According to the fourth aspect, the smaller diameter portion of the rotational shaft serves as guiding means when the yoke is fitted on the rotational shaft. Accordingly, the yoke can be smoothly introduced without slanting the yoke.

According to the fifth aspect, the smaller diameter portion extends at least over the area of the enlarged portion of the concave portion. The smaller diameter portion and the enlarged portion cooperate with each other to serve as guiding means, when the concave portion and the convex portion are fitted on each other. Therefore, a mounting process for mounting the yoke on the rotational shaft can be facilitated.

According to the sixth aspect, the smaller diameter portion has a tapered shape. Therefore, the yoke can be introduced smoothly.

According to the seventh aspect, the concave portions and the convex portions are provided on the rotor so as to be evenly distributed. This allows balance of the rotor during rotational movement to be maintained.

According to the eighth aspect, a manufacturing process can become relatively easier since the yoke is formed from steel plates stacked one on top of another and the steel plates are formed by means of punching.
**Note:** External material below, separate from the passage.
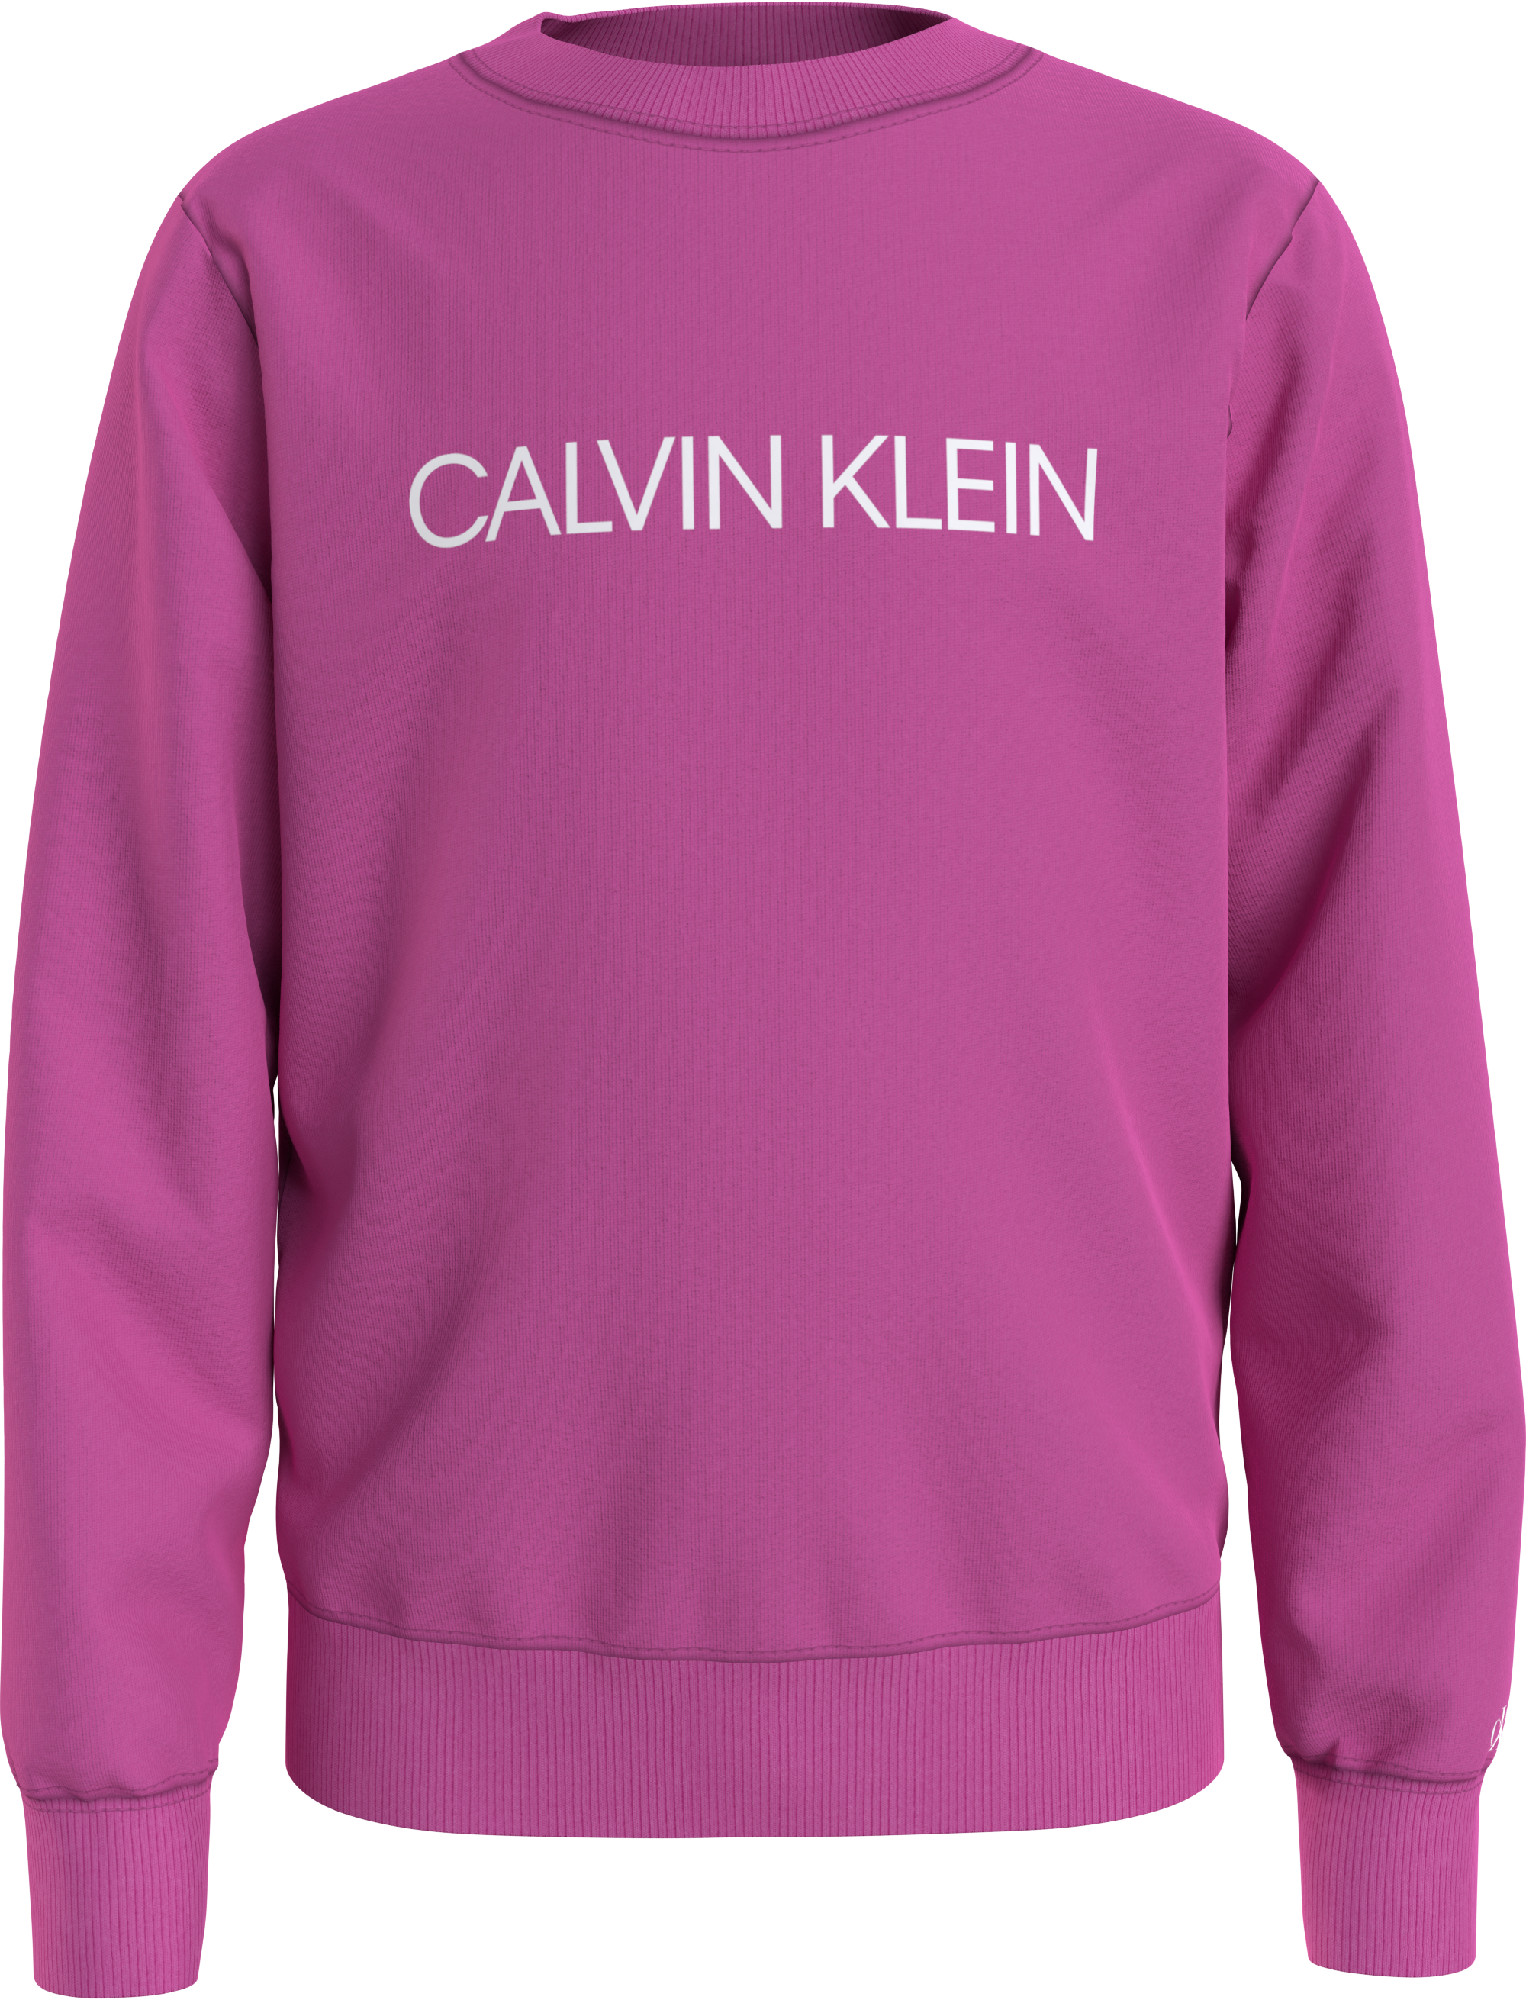 Calvin Klein INSTITUTIONAL LOGO SWEATSHIRT

With the yoke having a stacked structure, an eddy current can be prevented from generating, and as a result, iron loss can be reduced.
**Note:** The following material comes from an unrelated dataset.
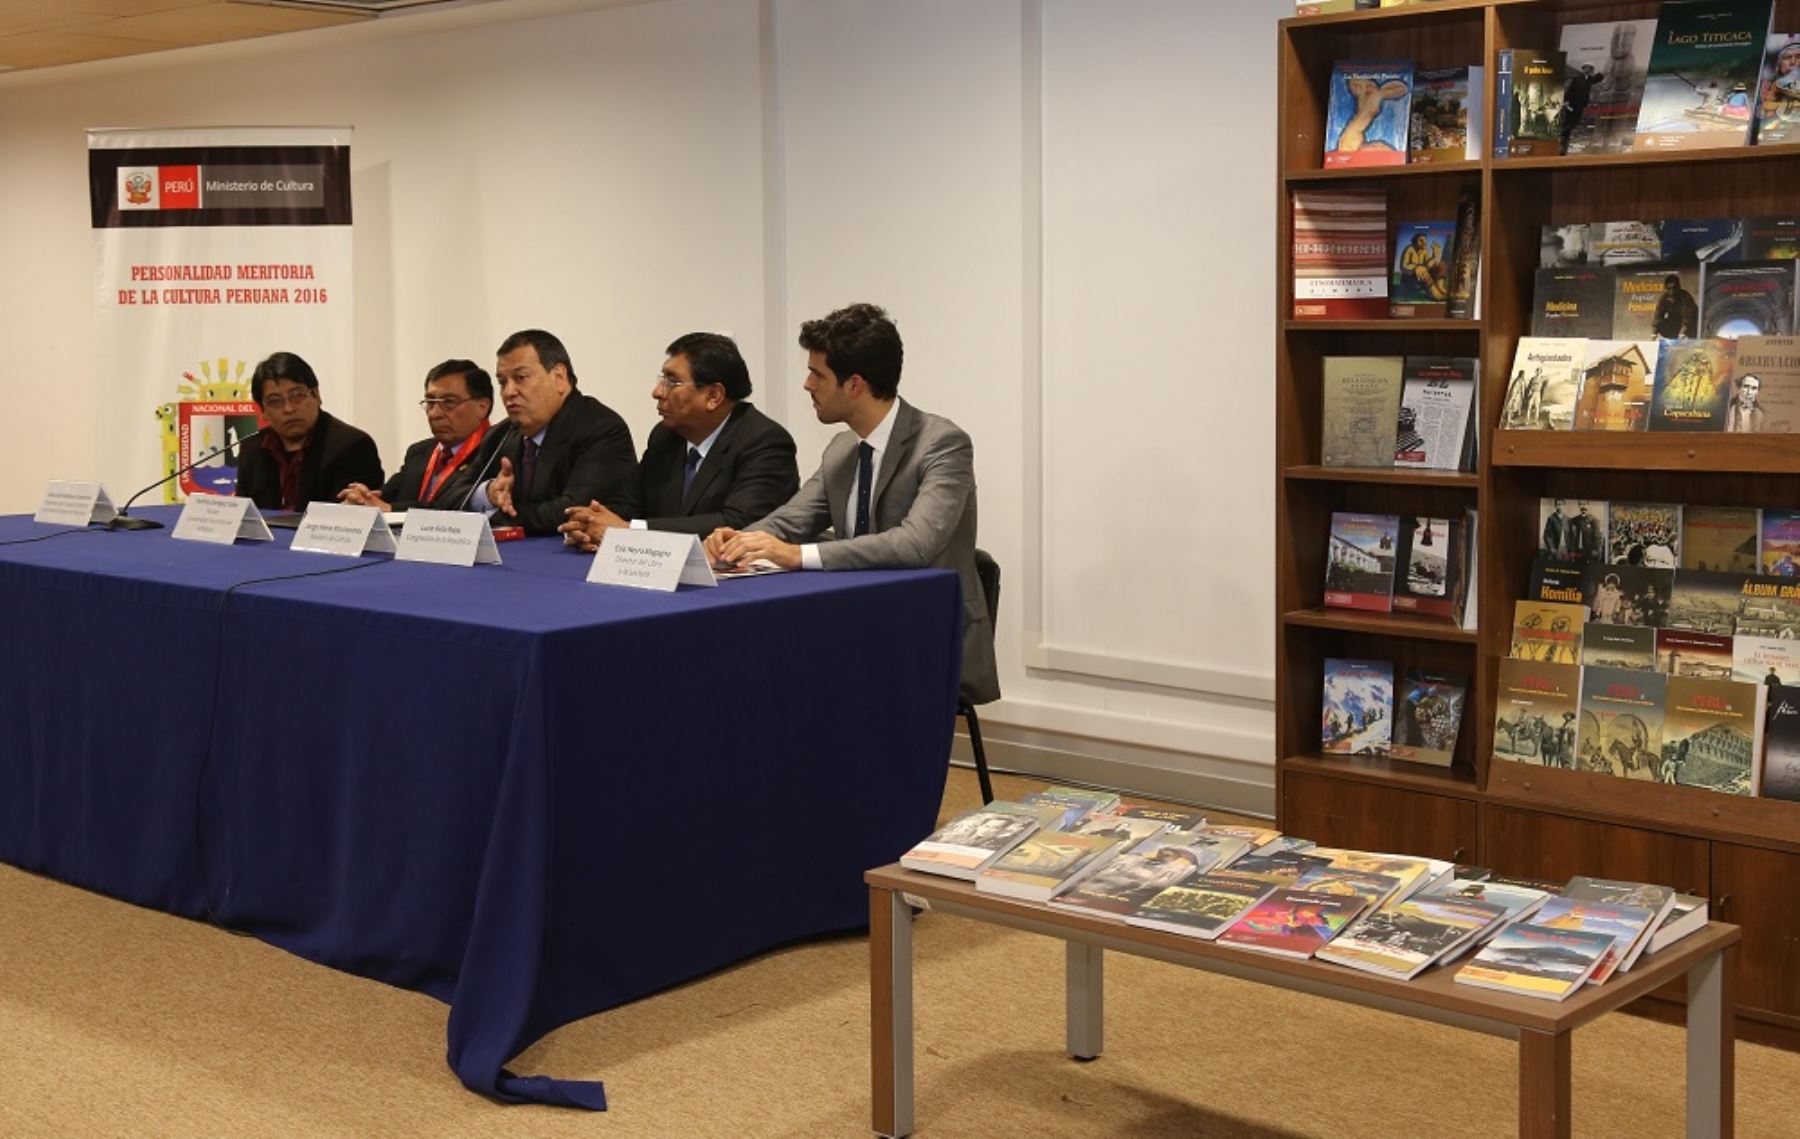 En mérito a su acertada política editorial y por su valioso aporte a la cultura peruana a través de sus destacadas publicaciones, el Ministerio de Cultura distinguió a la Universidad Nacional del Altiplano de Puno como Personalidad Meritoria de la Cultura.

Although the invention has been shown and described with exemplary embodiments thereof, it should be understood by a person skilled in the art that the foregoing and various other changes, omissions and additions may be made therein and thereto without departing from the spirit and scope of the invention.

Claims

1. A rotor for an electric motor comprising:

a rotational shaft having a cylindrical contour and capable of rotating around an axis; and

a yoke fitted on an outer circumferential surface of the rotational shaft, wherein the rotational shaft has on the outer circumferential surface at least one concave portion or convex portion extending in parallel to the axis, wherein

the yoke has on an inner circumferential surface a convex portion or a concave portion extending in parallel to the axis and adapted to be fitted on the at least one concave portion or convex portion of the rotational shaft, and wherein

fitting between the outer circumferential surface of the rotational shaft and the inner circumferential surface of the yoke is interference fit, and fitting between the concave portion or the convex portion of the rotational shaft and the convex portion or the concave portion of the yoke is interference fit.
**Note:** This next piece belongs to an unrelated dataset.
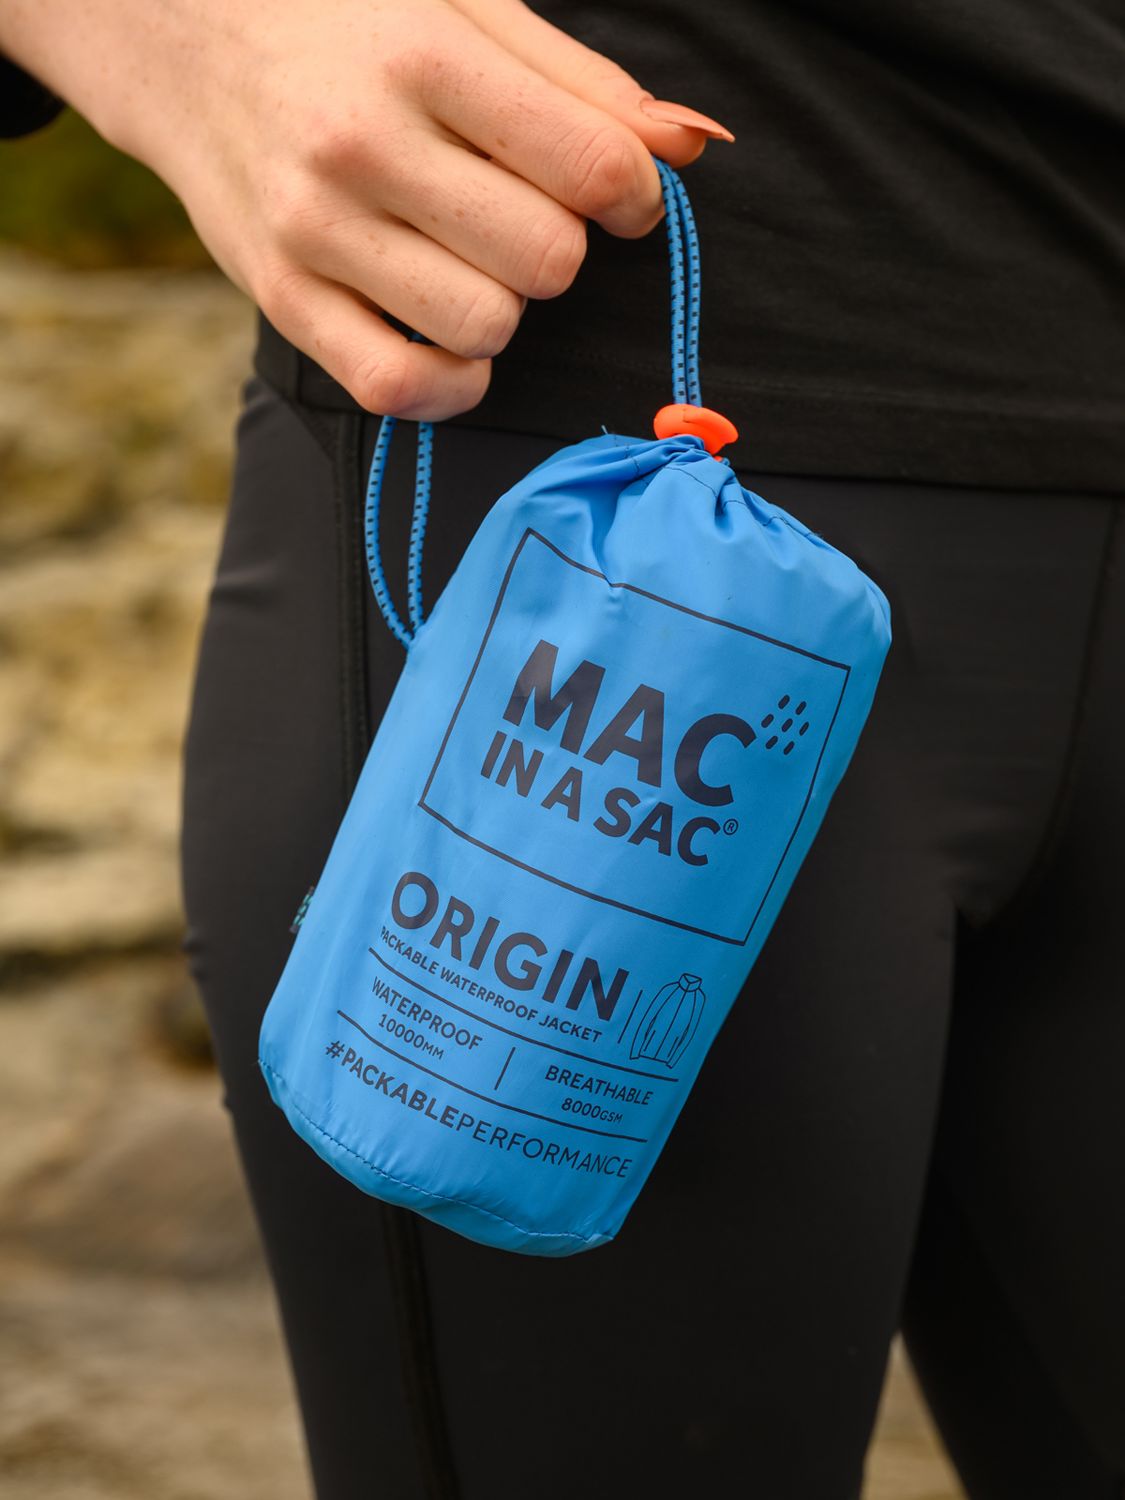 Buy Mac In A Sac Origin II Unisex Packable Waterproof Jacket Online at johnlewis.com

2. The rotor according to claim 1, wherein the concave portion of the rotational shaft or the yoke has an enlarged portion having a width in a direction perpendicular to the axis, the width gradually increasing toward at least one end of the concave portion.

3. The rotor according to claim 2, wherein the concave portion of the rotational shaft or the yoke has a widened portion extending from a tip end of the enlarged portion and having a constant width in a direction perpendicular to the axis.

4. The rotor according to claim 1, wherein the rotational shaft has at at least one end of the rotational shaft a smaller diameter portion having an outer diameter smaller than an inner diameter of the yoke.

5. The rotor according to claim 2, wherein the rotational shaft has at at least one end of the rotational shaft a smaller diameter portion having an outer diameter smaller than an inner diameter of the yoke, the smaller diameter portion extending from the at least one end of the rotational shaft to an end of the enlarged portion situated distant from the at least one end of the rotational shaft.

6. The rotor according to claim 4, wherein the smaller diameter portion has a tapered shape which gradually decreases in an outer diameter toward the at least one end of the rotational shaft where the smaller diameter portion is situated.

7. The rotor according to claim 1, wherein a plurality of the concave portions or the convex portions are situated on the outer circumferential surface of the rotational shaft or the inner circumferential surface of the yoke at an equal distance from each other.

8. The rotor according to claim 1, wherein the yoke has a stacked structure of steel plates.